以下、登場するノンダイアトニックコードについて解説していきましょう。

イントロのD9

イントロ冒頭はD9から始まっていますが、これはキーがCメジャーキーということだけ理解出来ていれば、冒頭のD9がⅡ7というのはすぐに察しがつくと思います。

Bメロのディミニッシュコード

BメロでCdim7→Bdim7がでてきます。
これはドミナント代理のディミニッシュで、以下のような代理関係になっています。

Cdim7=D7(♭9)またはA♭7(♭9)
D7とA♭7は互いに裏コードの関係

Bdim7=G7(♭9)

ということでCdim7→Bdim7は、Ⅱ7→Ⅴ7または♭Ⅵ7→Ⅴ7の代理ですが、♭9のテンション込みになるので、ここだけ調性はCマイナーに寄ります。

サビのA♭コード

サビで出てくるA♭コードはCメジャーキーから見るとサブドミナントマイナーで、同主調Cマイナーからの借用コードです。

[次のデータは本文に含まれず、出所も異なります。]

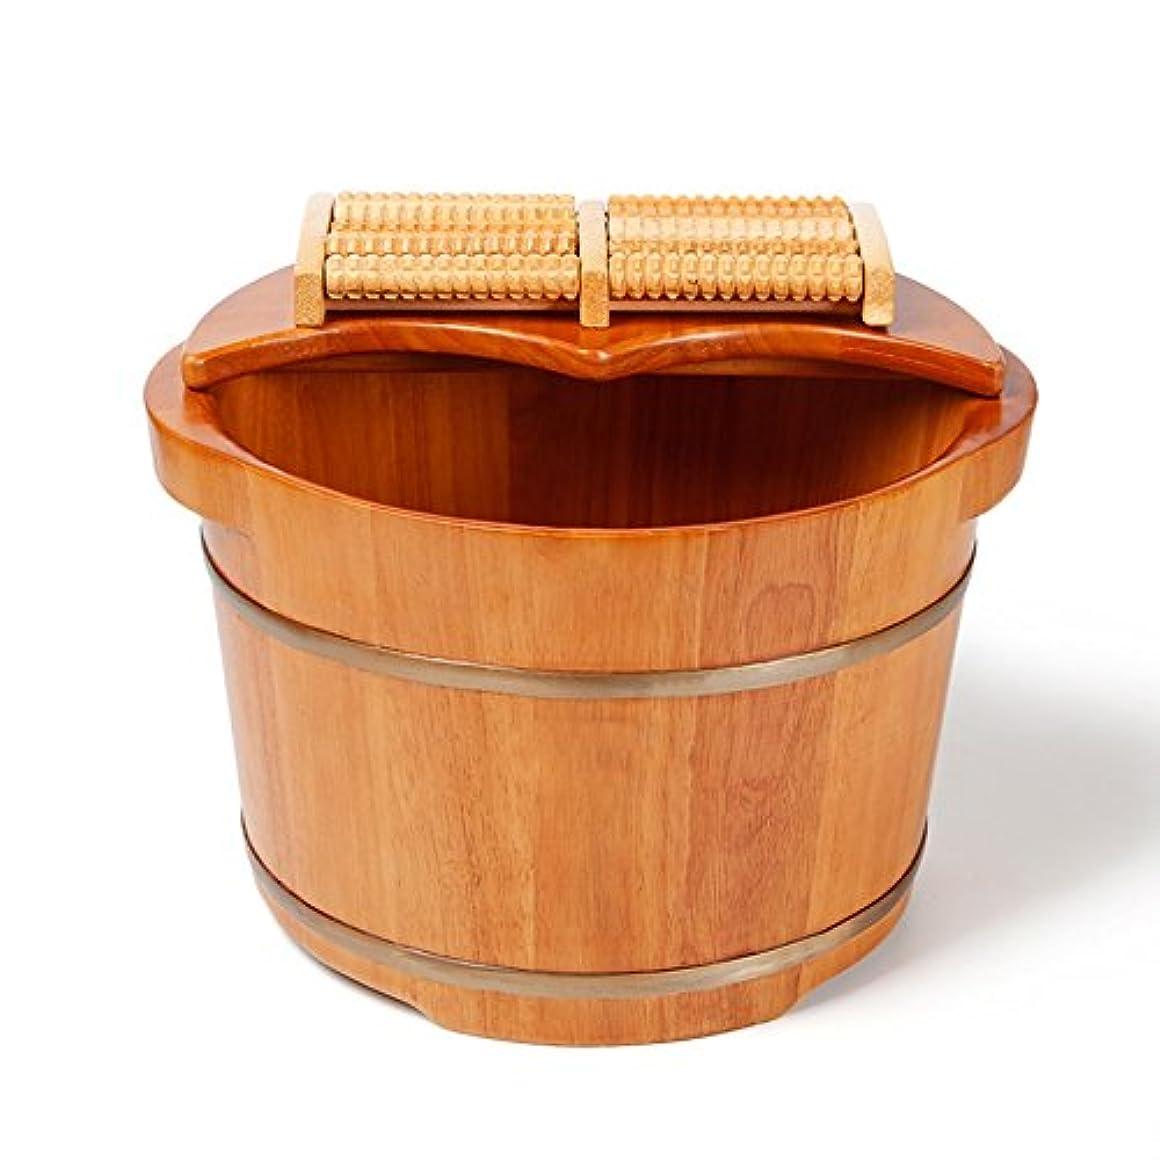 エレベーター初期の会社C&L 足の浴槽、木製の足の洗面器足のバレルの足のマッサージの足の洗面器カバーの足の浴槽38 * 31 * 26cm ( サイズ さいず : 38*31*26cm )

これくらいの使われかただと、自分はCメジャーキー内のサブドミナントマイナーとして処理してます。

エンディングのD♭コード

あとはギター演奏用アレンジとして付けたエンディングで♭Ⅱがでてきます。

Ⅴ7の裏コードでドミナント代理ですが、ちょっと変化がつきますよね。